When only the edges of best–best relations are considered, the graph becomes much simpler and can be used effectively to find functional links, especially groups of orthologous genes as partial cliques and possible connections among them (A.Nakaya and M.Kanehisa, manuscript in preparation). In comparison with standard sequence similarity searches by BLAST or FASTA, the search result of SSDB is easier to interpret because of the additional information about best–best hits (Fig. 1A depicts the SSDB graph features).
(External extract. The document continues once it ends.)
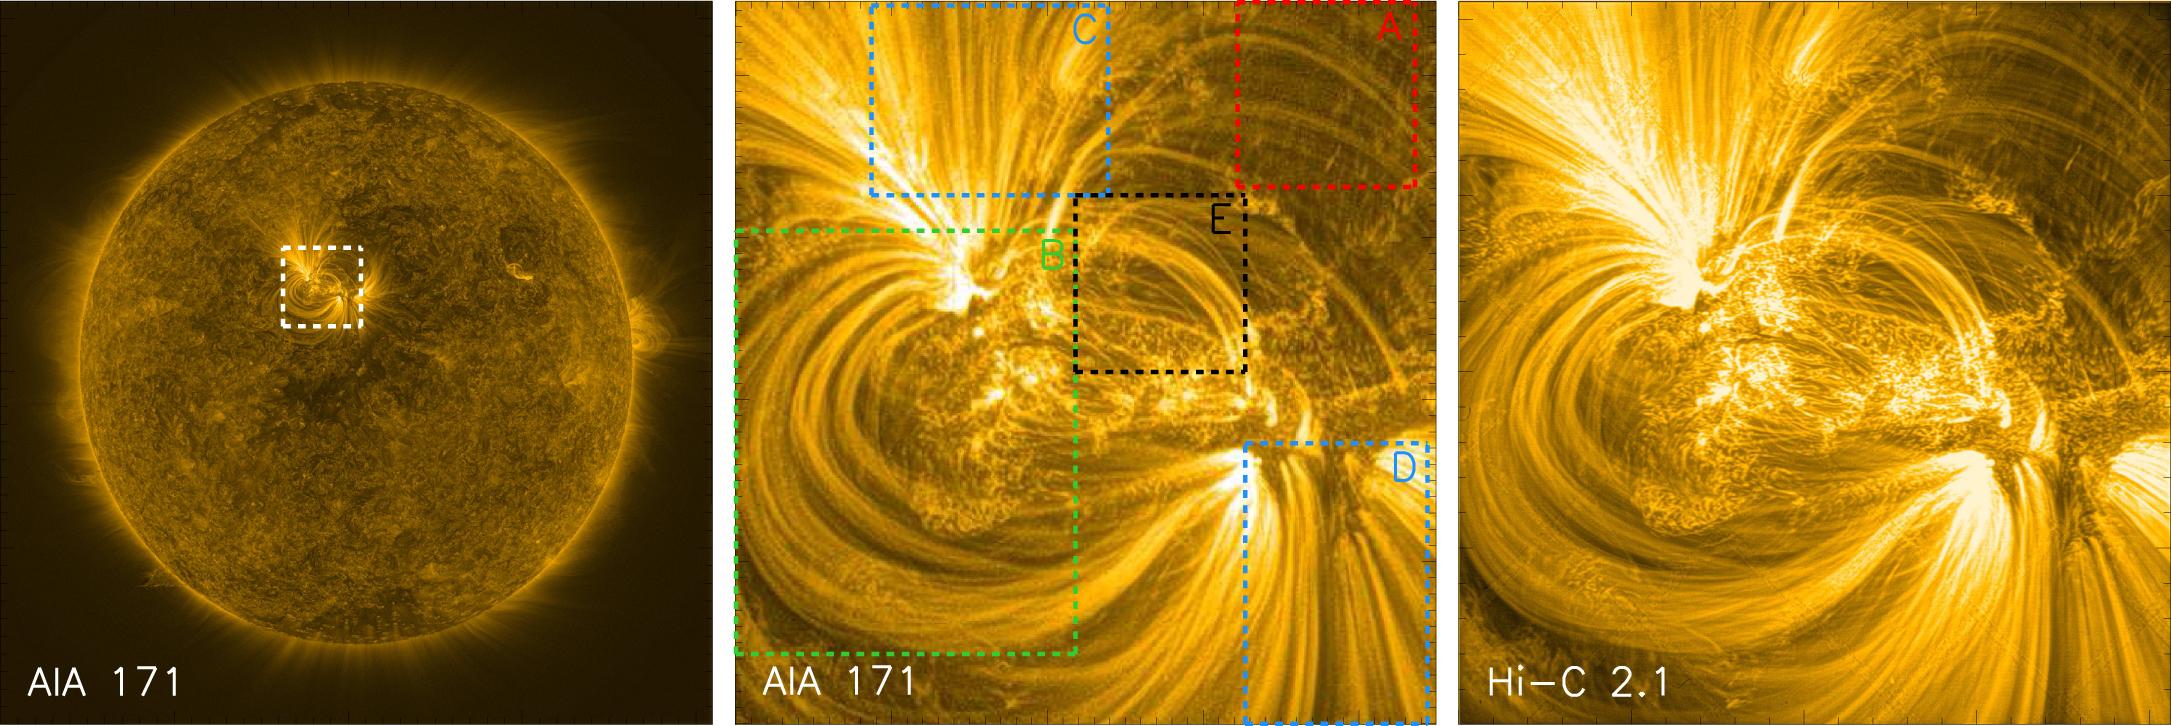 Высококачественные снимки Солнца выявили новые детали о его атмосфере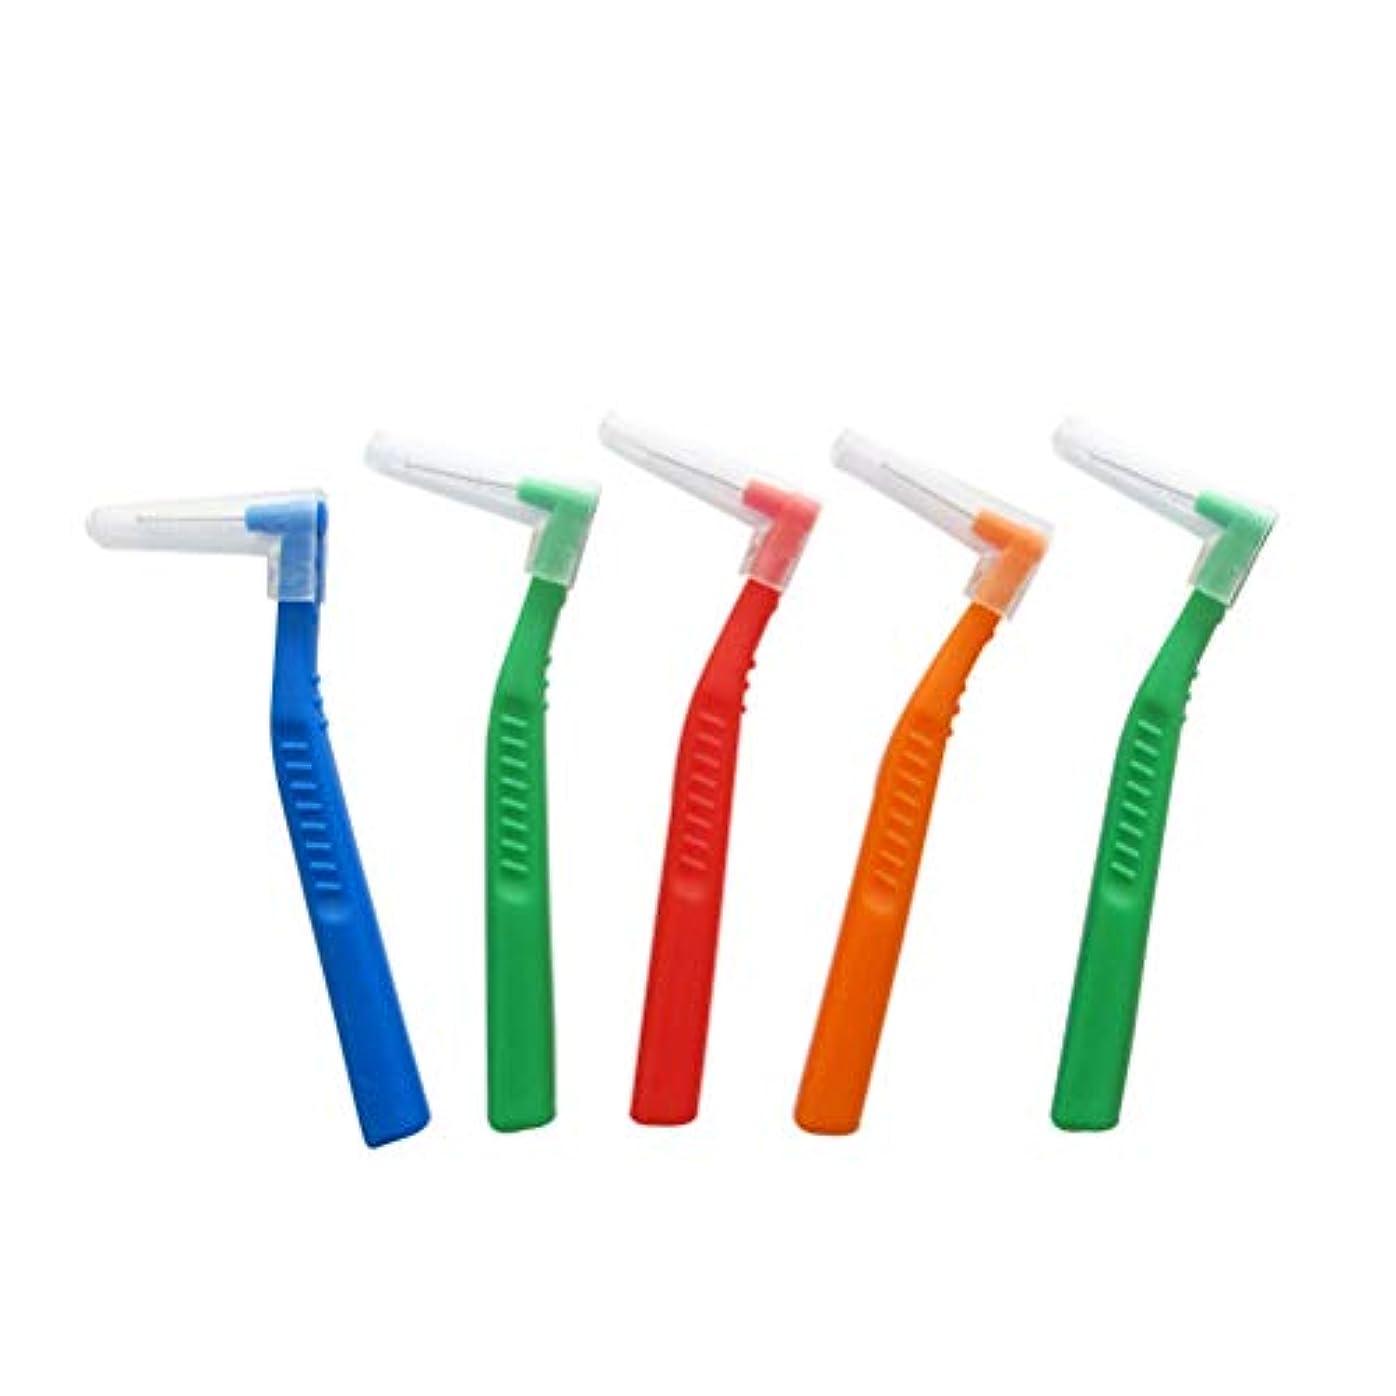 フィットネス申請中敬SUPVOX 歯間ブラシ クリーナー l字型 歯間清掃 歯科 口腔ケアツール 5本入(ランダムカラー)

On top of the SSDB graph, additional edges can be included to further identify various functional links. By incorporating the edges that represent adjacent genes on the chromosome, the gene clusters or operons that are conserved among multiple genomes can be identified (Fig. 1B). Other types of edges include common sequence motifs and common folds in the three-dimensional structures. As part of the SSDB database, sequence motifs in PROSITE (8) and Pfam (9) are precomputed for all proteins in the GENES database.
Access methods
The SSDB database is served by a separate server (http://ssdb.genome.ad.jp/). By specifying a gene of an organism, it is possible to search all neighbors of similar sequences above a given threshold, which is equivalent to usual sequence similarity searches, or to search selected neighbors including best–best neighbors, best neighbors and reverse best neighbors, which tends to produce functionally more meaningful results. SSDB can also be used to find conserved gene clusters (operons) as contiguous sets of best–best neighbors.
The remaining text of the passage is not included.